2. The method of claim 1, wherein the preprocessing the target data comprises:

dividing target data into a plurality of data sets, and executing uniform random sampling operation to select the batch size of the data sets in each iteration to obtain a target data set;

performing paradigm boundary calculation on the target data set;

acquiring initialized global model parameters, training a local model through a target data set after the normal form boundary calculation, and calculating the local gradient of the local model;

and cutting the local gradient to obtain a gradient matrix of the local model.

3. The federal learning-based communication optimization method as claimed in claim 2, wherein the singular value decomposition of the local model is as follows:

and each client executes a rapid gradient descent algorithm, and decomposes the gradient matrix of the local model into a left singular vector, a right singular vector and a diagonal matrix containing gradients to obtain local gradient core characteristics.
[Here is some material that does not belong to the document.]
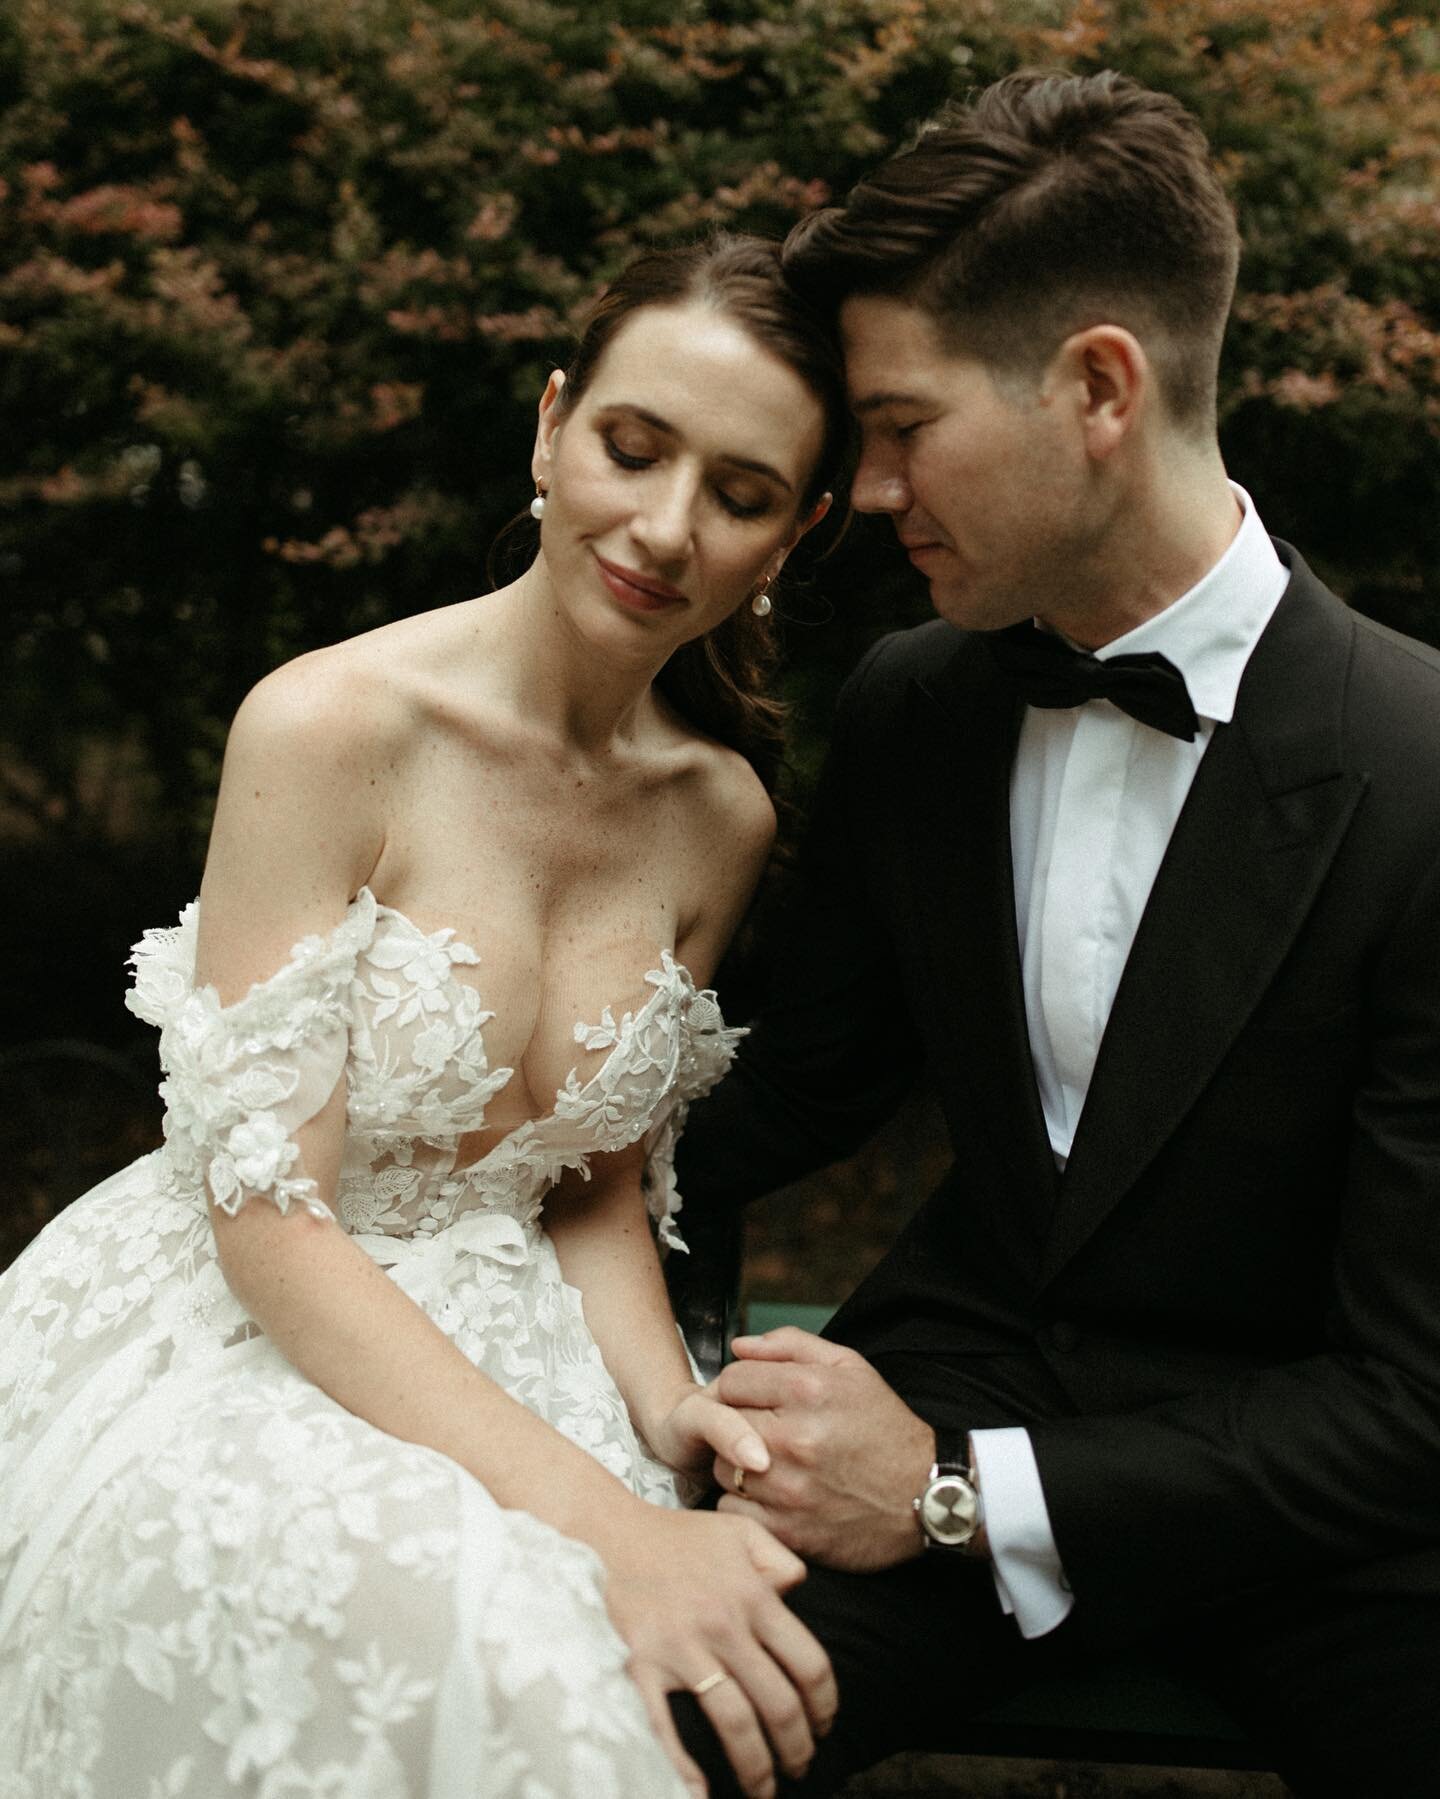 Still not over this incredibly romantic intimate wedding at Van Vorst Park 😭 @jennnnnnnnnnnnnnnnnnnnnnnnn wore one of dreamiest gowns we&rsquo;ve ever seen 👰🏼&zwj;♀️ &amp; every ceremony detail was impeccable ✨ The newlyweds did their first dance

4. The federal learning-based communication optimization method of claim 3, wherein each client executes a fast gradient descent algorithm to decompose a gradient matrix of the local model into a left singular vector, a right singular vector and a diagonal matrix containing gradients, so as to obtain local gradient core features, and the method includes:

storing data of a gradient matrix of a local model in a zero matrix in sequence, and compressing until zero-value rows do not exist in the zero matrix to obtain a first matrix;

constructing a sub-sampled random Hadamard transform matrix, calculating the product of the sub-sampled random Hadamard transform matrix and a first matrix, compressing the first matrix from m to

Obtaining a second matrix;

and executing an SVD algorithm on the second matrix, decomposing the gradient matrix of the local model into a left singular vector, a right singular vector and a diagonal matrix containing gradients, and obtaining the core characteristics of the local gradients.

5. The method according to claim 4, wherein the S3 comprises:

calculating a local model loss value of each client in the current iteration process;

calculating the cross entropy of the loss value of the local model, and calculating the quality evaluation weight of the local model according to the cross entropy;

calculating local gradient errors generated by the gradient compression of the sketch in the gradient aggregation process of the sketch to obtain accumulated gradient error values and gradient error compensation values of all clients;

adjusting the weight of the local gradient core characteristics of each client for sketch gradient aggregation according to the quality evaluation weight and the accumulated gradient error value of the local model of each client; and adaptively adjusting the gradient to be compensated of the local gradient core characteristic of the whole client according to the gradient error compensation value, and entering the next iteration.